The promise of superior performance is heady stuff, although long possessed of a certain ambiguity. Already in the Iliad the drive “ever to excel,” when ascribed to the wily Odysseus, is not intended entirely as a compliment, even within the framework of that highly aristocratic tale. In our own popular culture, examples abound of our obsession with self-improvement, ranging from space-age exercise equipment and dietary supplements to supermodel surgeries to the vast quantities of spam hoping to capitalize on our performance anxieties. Within this mix one can already discern a theme that becomes central to Beyond Therapy: in some cases, excellence is the result of exertion and discipline; in other cases, excellence is an effortless or even unaccountable outcome.

Hinting at the important fact that the quest for excellence has often been something only for a few, Beyond Therapy discusses superior performance using the paradigm of sports. The choice of sports proves fruitful for three reasons. First, there is a uniquely broad and public appreciation for excellence in sports, which opens the door to considering the appeal of excellence even among those who do not seek it themselves in a given practice. Second, the activities we admire in sports are not all done best by humans — cheetahs run faster, pitching machines throw harder — which invites consideration of the meaning of specifically human excellence. Third, sporting activities are defined by powerful conventions, both legal and ethical, of fair and unfair competition when it comes to performance enhancement. To think seriously about sports, therefore, is to think about some of the most admired and worthy human qualities, along with what might compromise or complicate those qualities.

Beyond sports, the report aims to make sense of what new enhancement technologies will mean for the myriad activities of life — work, art, warfare, education. And while many drug-based and genetic-based routes to enhancement may have therapeutic antecedents, there is no lack of research directed explicitly at the enhancement of normal abilities.

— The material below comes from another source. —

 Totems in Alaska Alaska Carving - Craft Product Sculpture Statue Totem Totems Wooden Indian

Consider, for example, some of the projects funded by the Defense Advanced Research Projects Agency (DARPA), a Pentagon group tasked with supporting research at the cutting edge. A sampling of current work suggests just how far we hope to go in making men and women into more efficient machines. As DARPA explains: “Human Assisted Neural Devices” would “noninvasively access codes in the brain in real time and integrate them into peripheral device or system operations,” allowing human beings to operate devices in the same manner that we move our limbs, by willing their actions. “Preventing Sleep Deprivation” in soldiers would eliminate “the need for sleep during an operation…nominally set at seven days.” “Exoskeletons for Human Performance Augmentation” would produce “self-powered, controlled, and wearable exoskeletal devices and/or machines” to “increase the speed, strength, and endurance of soldiers in combat environments.”

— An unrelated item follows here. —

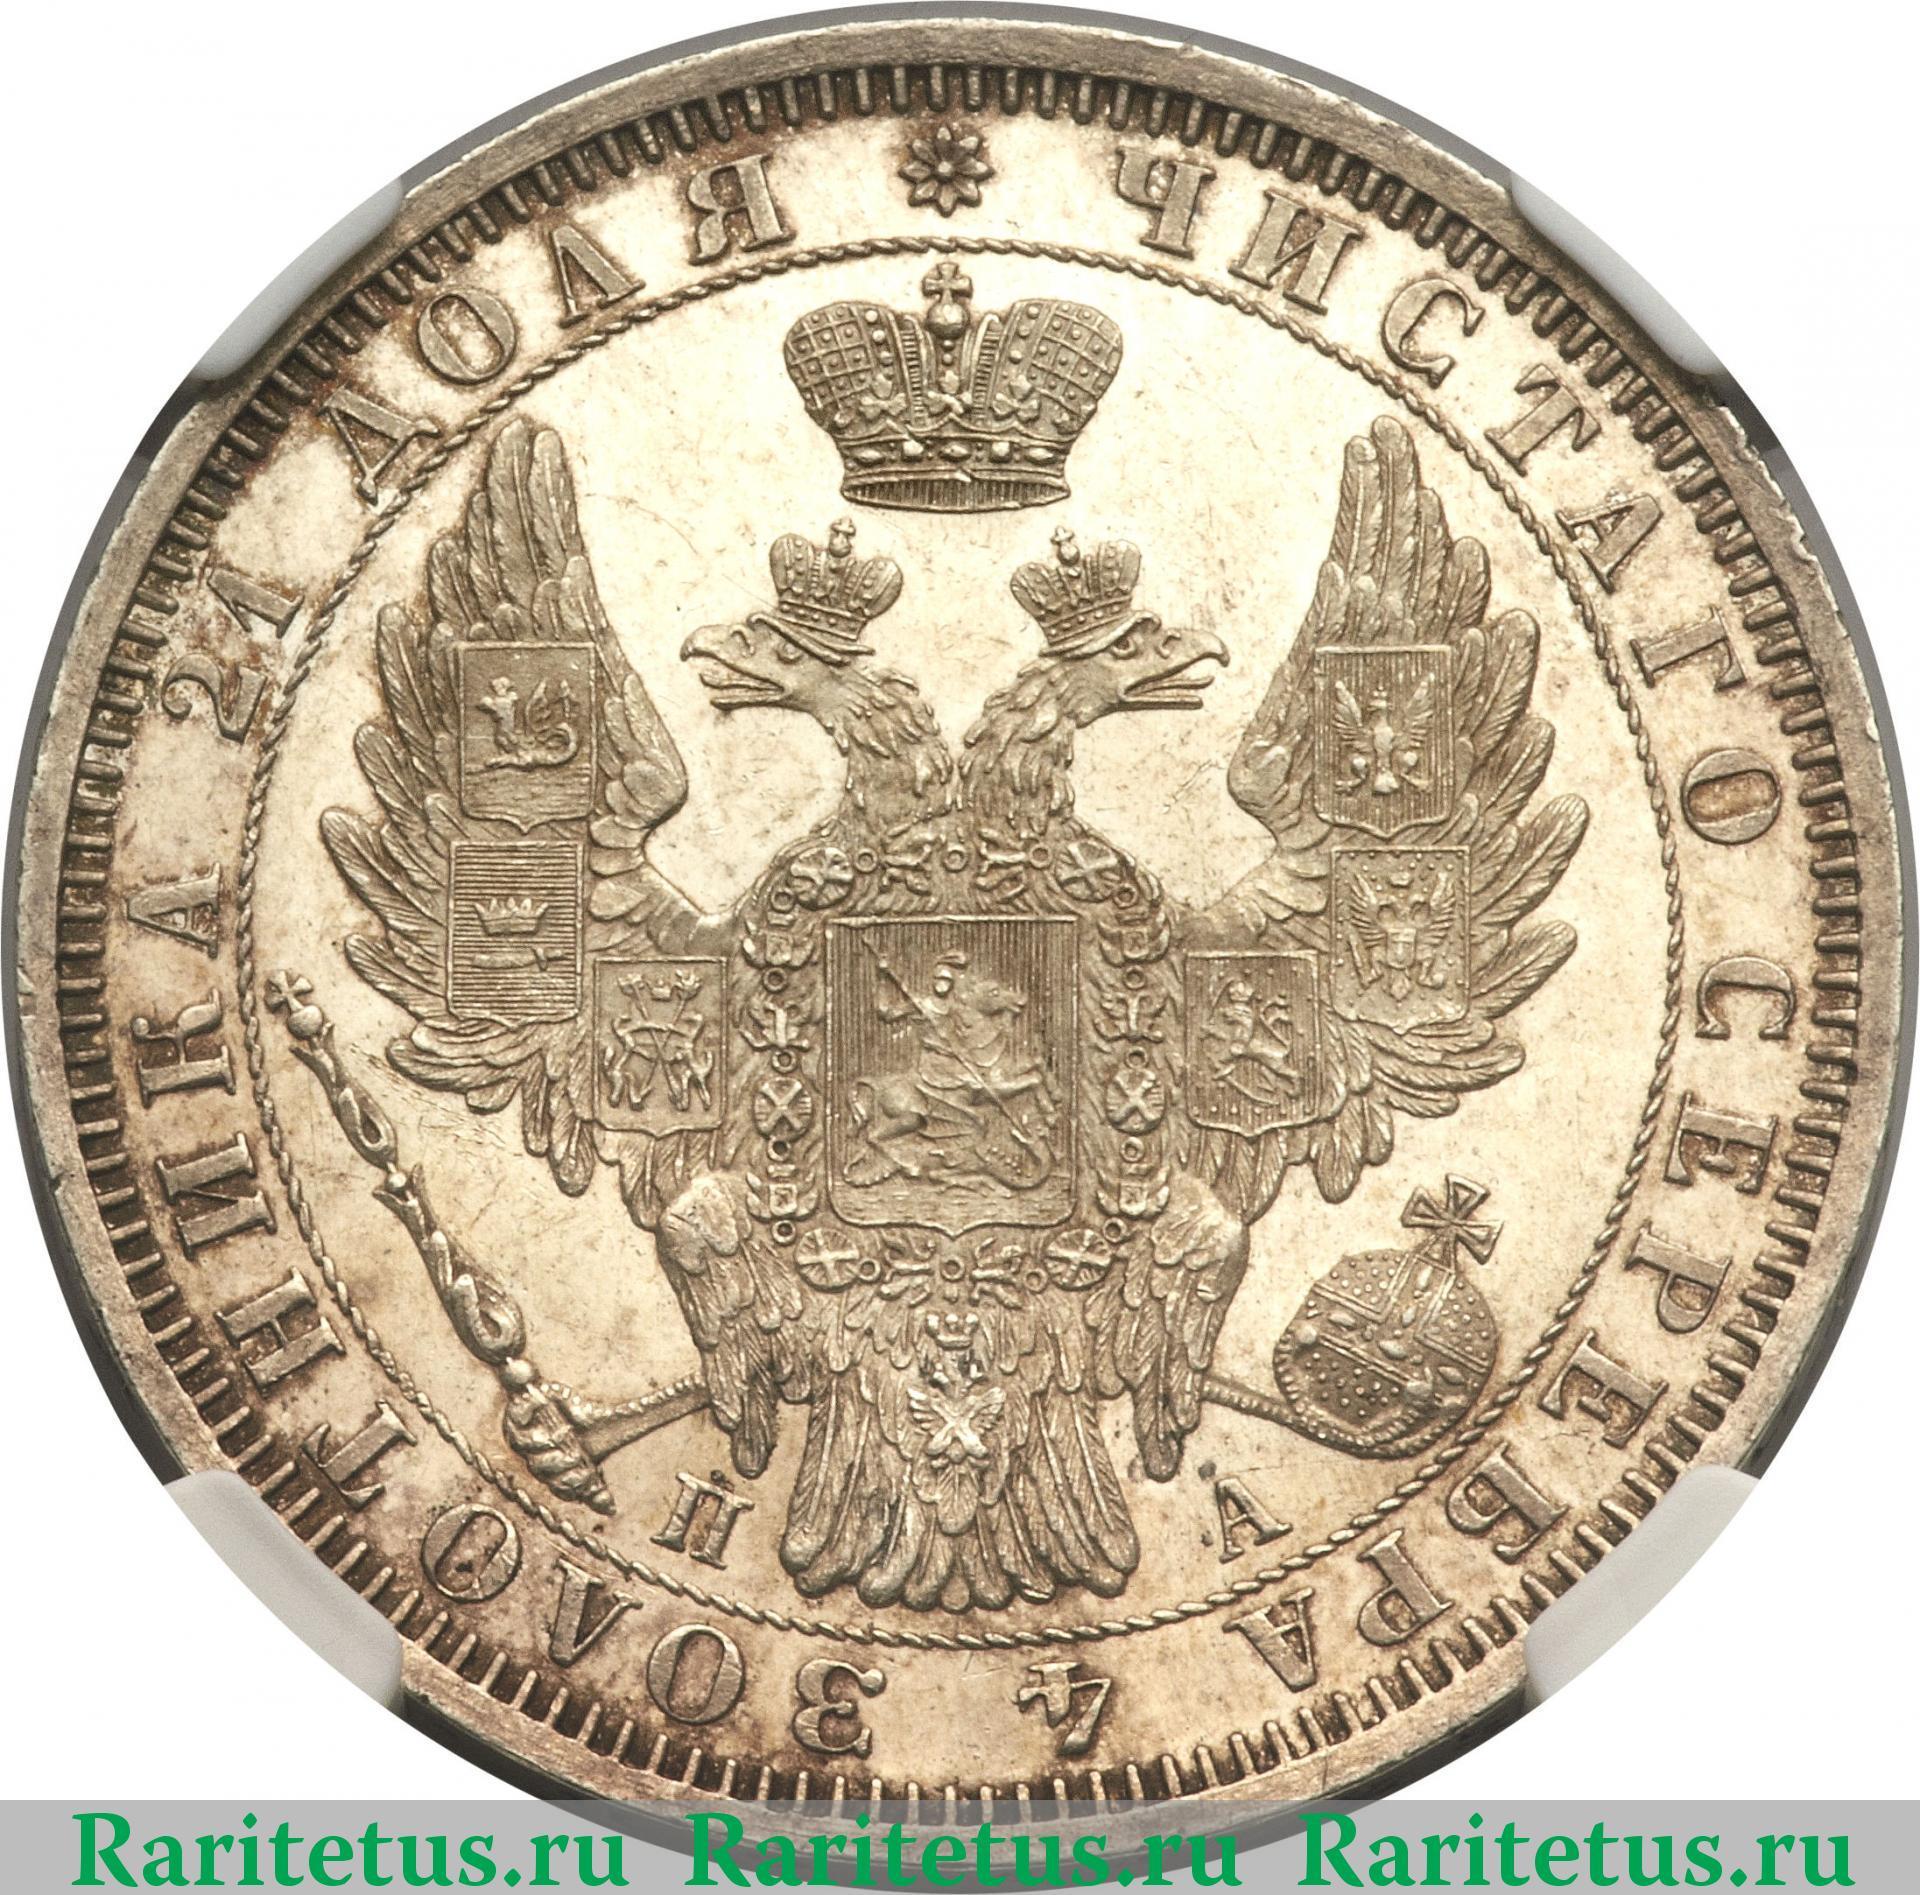 Аверс монеты 1 рубль 1851 года СПБ-ПА корона острая

Such enhancements have extraordinary implications. Particularly revealing are the cases that illustrate how the line between person and equipment may be eroding. Speaking of direct brain/machine interface (BMI) of the sort sought by “Human Assisted Neural Devices,” Miguel A.L. Nicolelis of Duke University and Mandayam A. Srinivasan of M.I.T. speculate:

Given the significant degree of plasticity documented even in the adult brain, repeated use of BMIs will likely transform the brain itself, perhaps more rapidly and extensively than what is currently possible with traditional forms of learning. For example, if a robot located locally or remotely is repeatedly activated via a BMI, it is likely that cortical areas specifically devoted to representing the robot will emerge, causing the robot to effectively become an extra limb of the user.

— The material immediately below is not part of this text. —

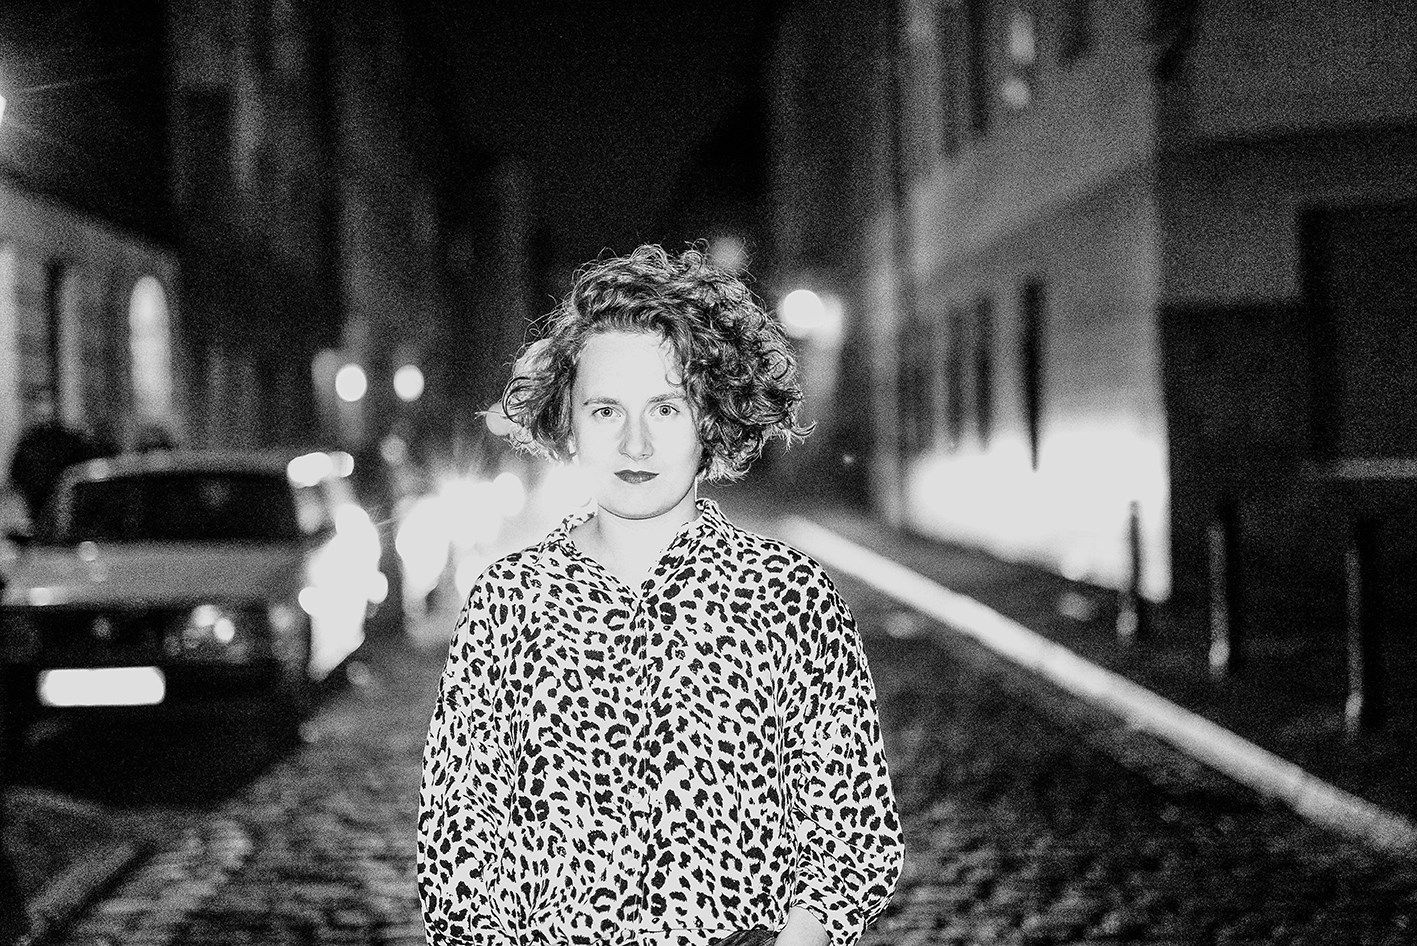 Laura Naumann/ Lesereihe, November 2018

If true, this suggests that a human being so enhanced — say, by adding the ability to operate a remote crane — would experience the disconnection of the remote machine as an amputation. The lack of enhancement would be experienced as a defect. Little wonder that Nicolelis and Srinivasan acknowledge that “the full extent to which BMIs would impact human behavior is vastly unknown.”

What guidance does Beyond Therapy provide for navigating our looming encounters with these technological unknowns? What are the moral and social issues at stake? The report suggests that some of the most obvious ethical concerns — inequality of access, undue coercion, negative side effects — do not in themselves get to the heart of the matter.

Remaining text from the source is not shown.